O conjunto de discursos midiáticos e médicos no século XX sobre o homem bissexual, tal como apresentado no início desta comunicação, parece engendrar a dupla problemática que envolve, por um lado, a descrição sobre a possibilidade dos homens bissexuais se "camuflarem" entre homens heterossexuais e, por outro, a forma como são concebidos e designados como "vetores" para a contaminação de distintas populações. Tem-se equacionado um conjunto de concepções sobre as semelhanças e as diferenças que agem no nível do comportamento e das atitudes interpessoais e que ganham forma mediante a organização dualista do gênero e da sexualidade. As relações de contágio, tal como apresentadas anteriormente de forma um tanto fantástica, estão implicadas nas próprias crenças de poluição e sortilégios que são atribuídas às zonas fronteiriças, de difícil definição, opacas a modelos vigentes de classificação. É nesse sentido que a metáfora do vampiro alude a uma forma de realidade social que combina a dupla competência semântica da ambiguidade, seja no que tange à sua "natureza duvidosa" ou a sua "falta de forma", seja nas crenças sobre a poluição e na construção de circuitos de contágio entre distintas populações. Ela representa, com significativa força expositiva, o que Balandier determinou ser a relação entre o "medo do contágio" e as "relações de evitação" em um cenário em que as relações sociais são corrompidas pela angústia da contaminação e pela alteridade compreendida como uma fonte incessante de suspeita e de incertezas (Balandier, 2019).

Conclusão

Ao longo deste artigo, argumentou-se que o polo metonímico, predominante nos rituais de contágio e determinado pela lei da contiguidade, serviria como uma chave de leitura para a promoção de associações de circuitos de contágios em cenários culturais em que a bissexualidade é concebida como um "meio-termo" em modelos dualistas de determinações do gênero e da sexualidade. No plano simbólico da vida social, essas zonas ambíguas e intersticiais estão associadas às ideias de poluição e de grande perigo de contágio para os interlocutores desprotegidos, ou seja, não "imunizados". O polo metonímico parece fincar-se nesse plano do encadeamento factual e imaginário como um vetor de significação que contribuiu para a construção social e discursiva da bissexualidade no Ocidente. O potencial de desordem associado à bissexualidade se manifesta, então, como um trânsito constante entre dois mundos, cujos rastros permaneceriam em estado latente, na iminência de uma alteridade indesejável e conflitante, e atuaria como um foco de periculosidade para as identidades interlocutoras. A construção social da bissexualidade, histórica e culturalmente tecidas no Ocidente, institui uma dupla problemática que se manifesta tanto a nível das diferenciações e das similitudes - nos riscos de assimilação e de silenciamento, problemática relacionada à invisibilidade social da identidade bissexual - como também em narrativas de contágio que, articulando-se a ideias de contaminação moral e de transgressões dos distanciamentos e das fronteiras identitárias, contribui diretamente para a sua estigmatização.

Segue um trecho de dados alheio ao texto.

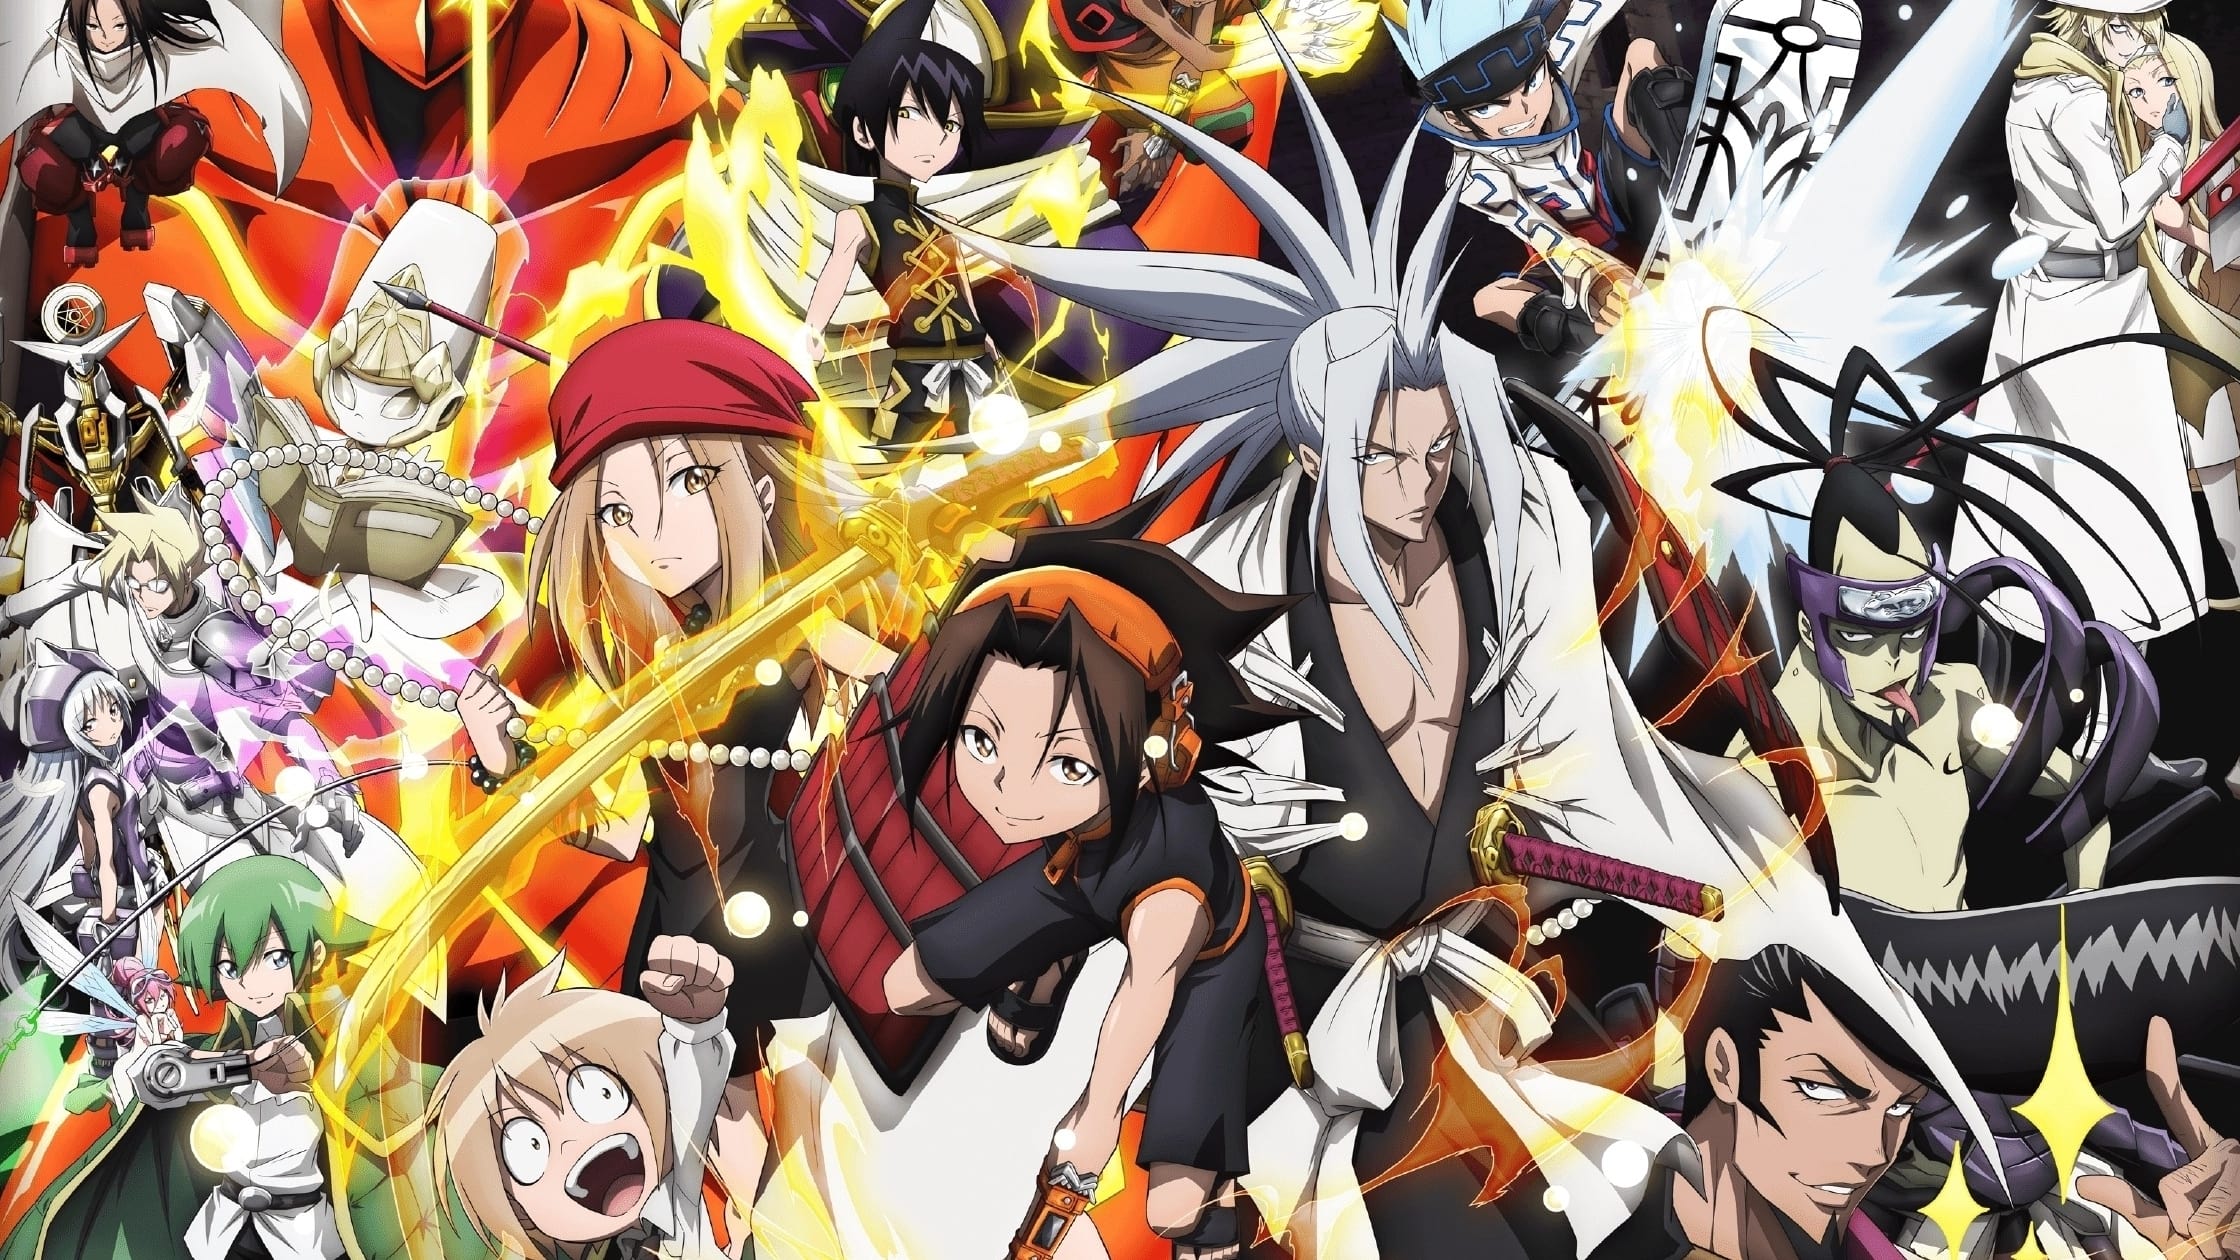 Shaman King Anime Season 1 Part 2 Heads to Netflix Next Week
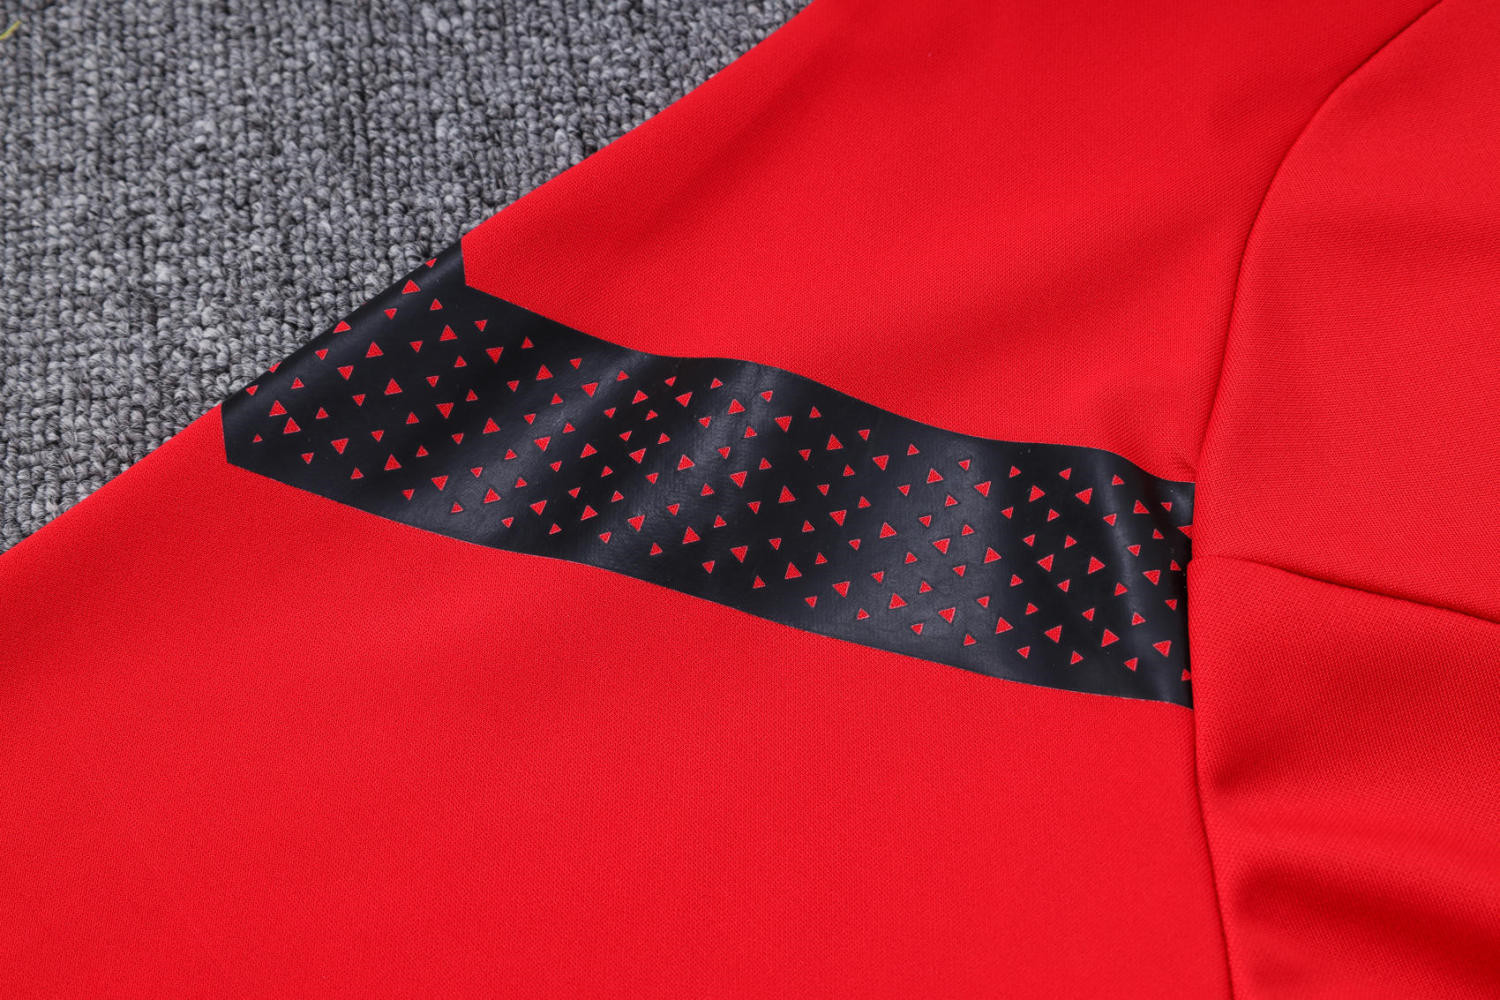 AC Milan Soccer Jacket + Pants Replica Red 2022/23 Mens

A atenção direcionada à ambiguidade possibilitou ratificar a importância multivocal de seu alcance investigativo que, longe de ser concebida como um embrolho analítico, permite elucidar e adentrar um conjunto de processos simbólicos, linguísticos, sociais e subjetivos que podem compor a experiência da bissexualidade no cenário cultural do Ocidente. Esse esquema interpretativo que busca diretrizes antropológicas para as formas sociais ambíguas acaba por fortalecer e jogar luz sobre uma proposta de leitura sociocultural da bissexualidade, além de refletir sobre o seu apagamento social e sobre a extensão de sua estigmatização. No entanto, a ambiguidade não é uma especificidade idiossincrática da bissexualidade; ao contrário, ela depende de um contexto mais amplo que abarque tanto aspectos linguísticos quanto culturais e políticos. A ambiguidade é relacional, ela depende da disposição dos termos que estão implicados na análise e, consequentemente, do contexto sociocultural em que estão inseridos.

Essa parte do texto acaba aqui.